The tools the agent sees:

Tool	Purpose
`submit_message(text)`	The only path to the user. Triggers an evaluation against the active rules.
`submit_justification(reason)`	Argues for delivering a previously-rejected message. Bounded by `max_justification_attempts`.
`get_rules(filter?)`	Read-only. Returns active rule names and descriptions.
`get_status()`	Returns pending message, sent-this-turn, and justification-attempt state so the agent can self-recover.

Rules

Each rules/*.yml file is loaded at startup. A rule is either an LLM rule (a yes/no prompt the evaluator runs against each message) or a deterministic rule (a regex or word-count check that contributes advisory hints, never the final say). The shipped set covers voice, behavior, and a handful of role overlays (designer, devops, solo-founder, and so on); personal style rules like “no em-dashes” or “prefer lettered options over bullets” live in a per-deployment overlay that is not checked in. The long-term intent is for rule ownership to move out of MOP and into whichever host is invoking it, so a Telegram voice and an IDE voice can diverge without forking anything.

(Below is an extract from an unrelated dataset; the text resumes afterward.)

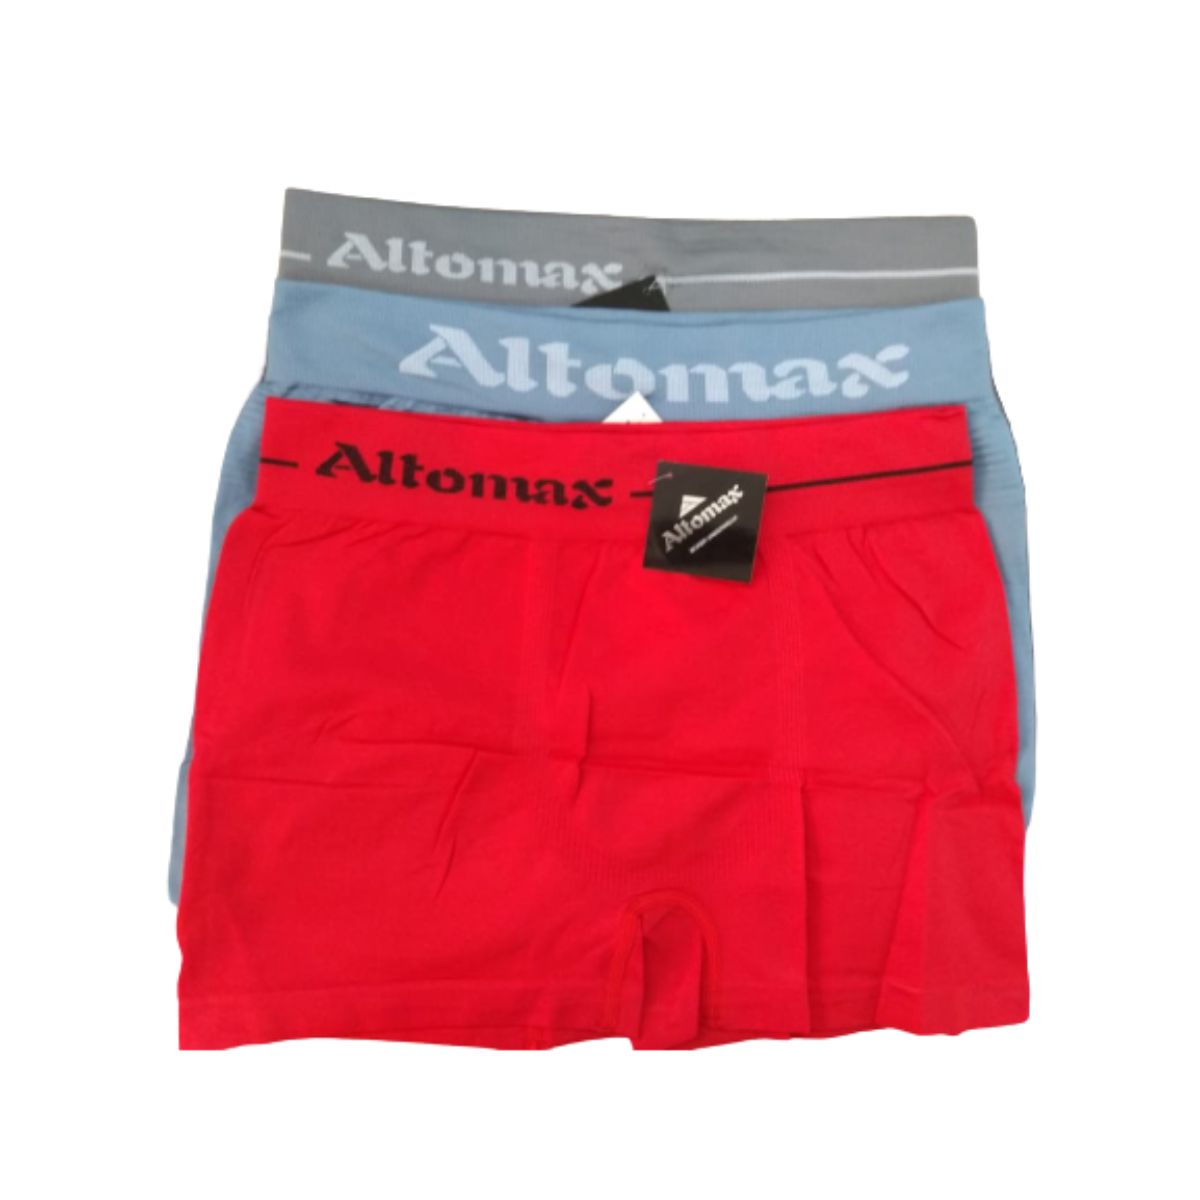 Cueca Boxer Lisa Altomax  Adulto - Kit Com 3 Unidades Sortidas
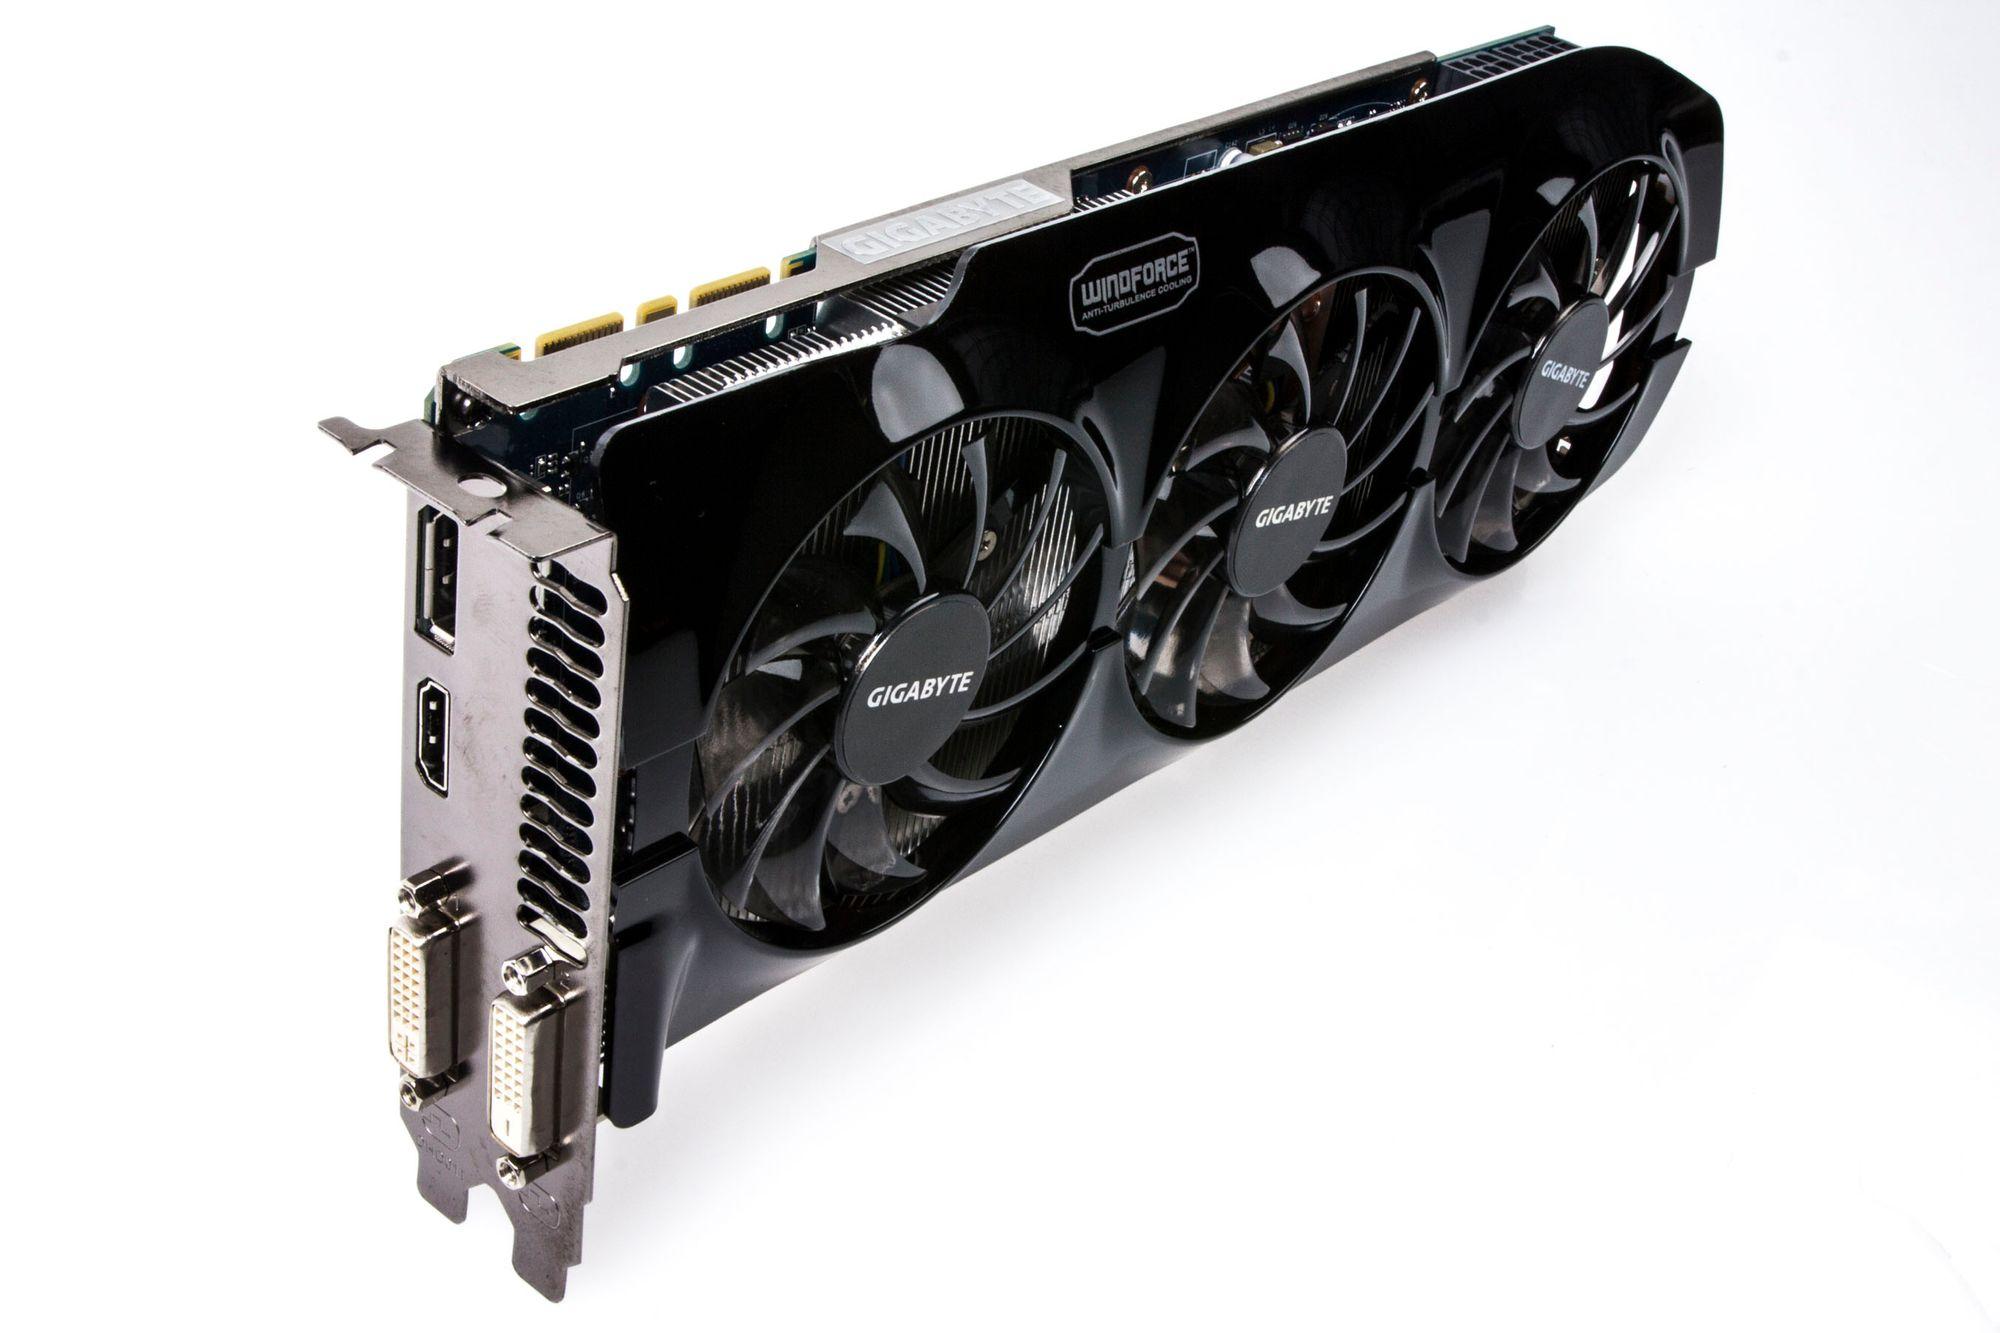 Samletest Geforce Gtx 760 Ti Gigabyte Windforce

Every verdict is logged: one line per decision with the original text, the rules active at that moment, and what MOP did with it, so a silent rewrite or rejection is always recoverable after the fact.

Where it runs

MOP was built for Patchbay Relay, the Telegram-to-Claude-Code bridge, on its cc-sdk-mop harness, where it gated every turn. Patchbay is on ice now, so MOP is not in active daily use, but it is a project I am far from done with. The runtime is intact, host-agnostic, and model-agnostic, and the only assumption it makes is that the host speaks Python.

Companion: HOP

There is a sketch of the decoder side, HOP (Human Output Protocol): the same idea pointed the other way, helping a human compose tighter, higher-signal messages to a high-context agent from a low-bandwidth interface like a phone or voice. It is more concept than code right now and I am not actively building it, but together MOP and HOP frame the two directions of the agent-human channel.

Status

Alpha, pre-v1. The runtime is solid enough to run on every turn it gates, but the default rule set is intentionally minimal and the path by which rule ownership moves from MOP out into its hosts is still being worked out.